Segment Start: Data block
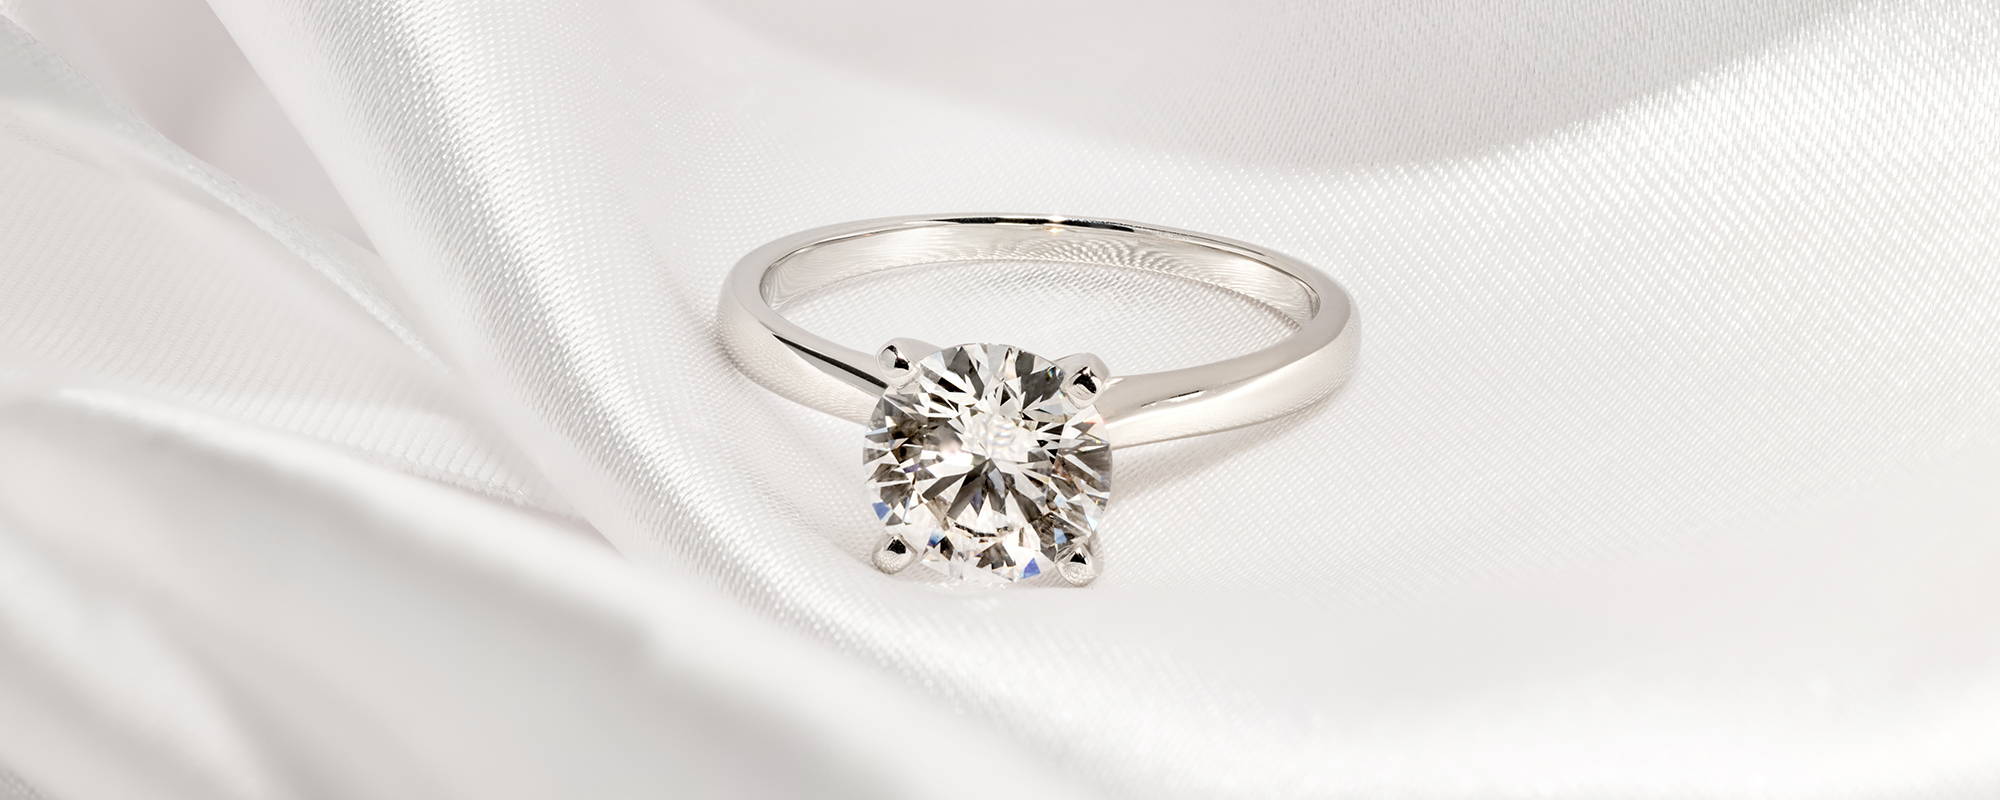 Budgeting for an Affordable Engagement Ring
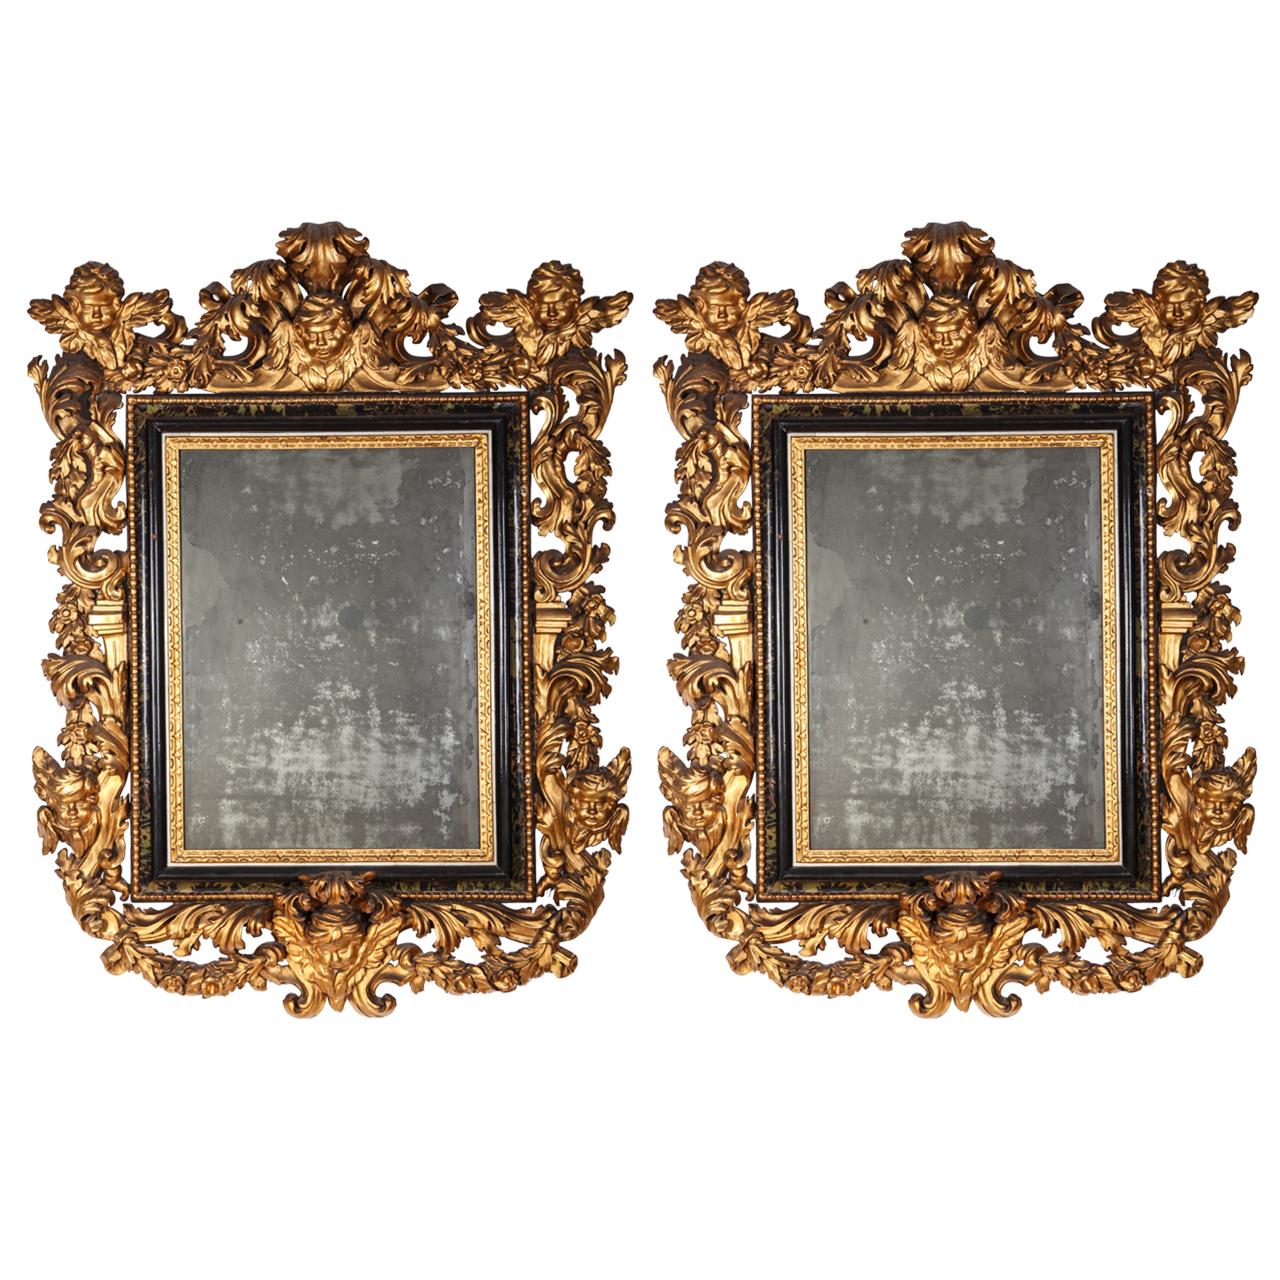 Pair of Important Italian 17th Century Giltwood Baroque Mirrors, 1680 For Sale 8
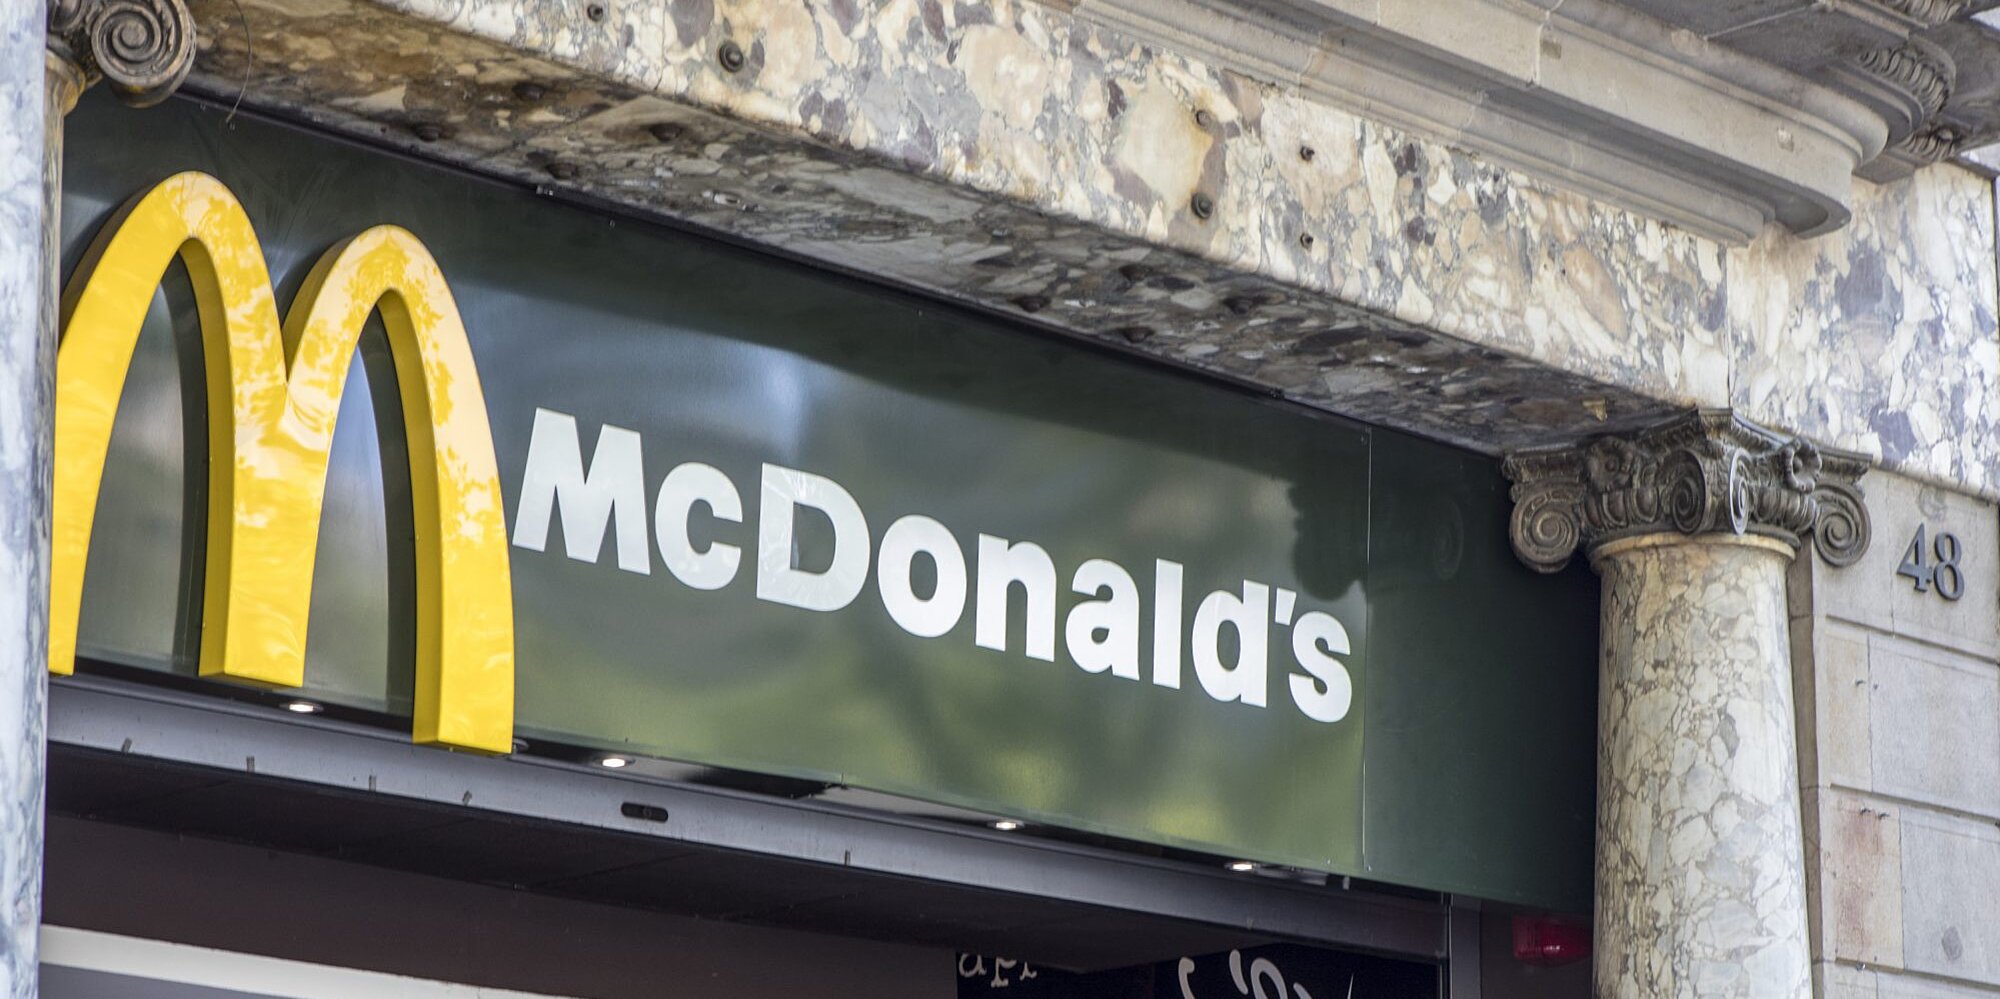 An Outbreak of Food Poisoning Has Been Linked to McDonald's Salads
Segment End: Data block
Exercise objective: Return the material word for word. Pictures are not part of the copy.

Reply:
 Budgeting for an Affordable Engagement Ring
 Pair of Important Italian 17th Century Giltwood Baroque Mirrors, 1680 For Sale 8
 An Outbreak of Food Poisoning Has Been Linked to McDonald's Salads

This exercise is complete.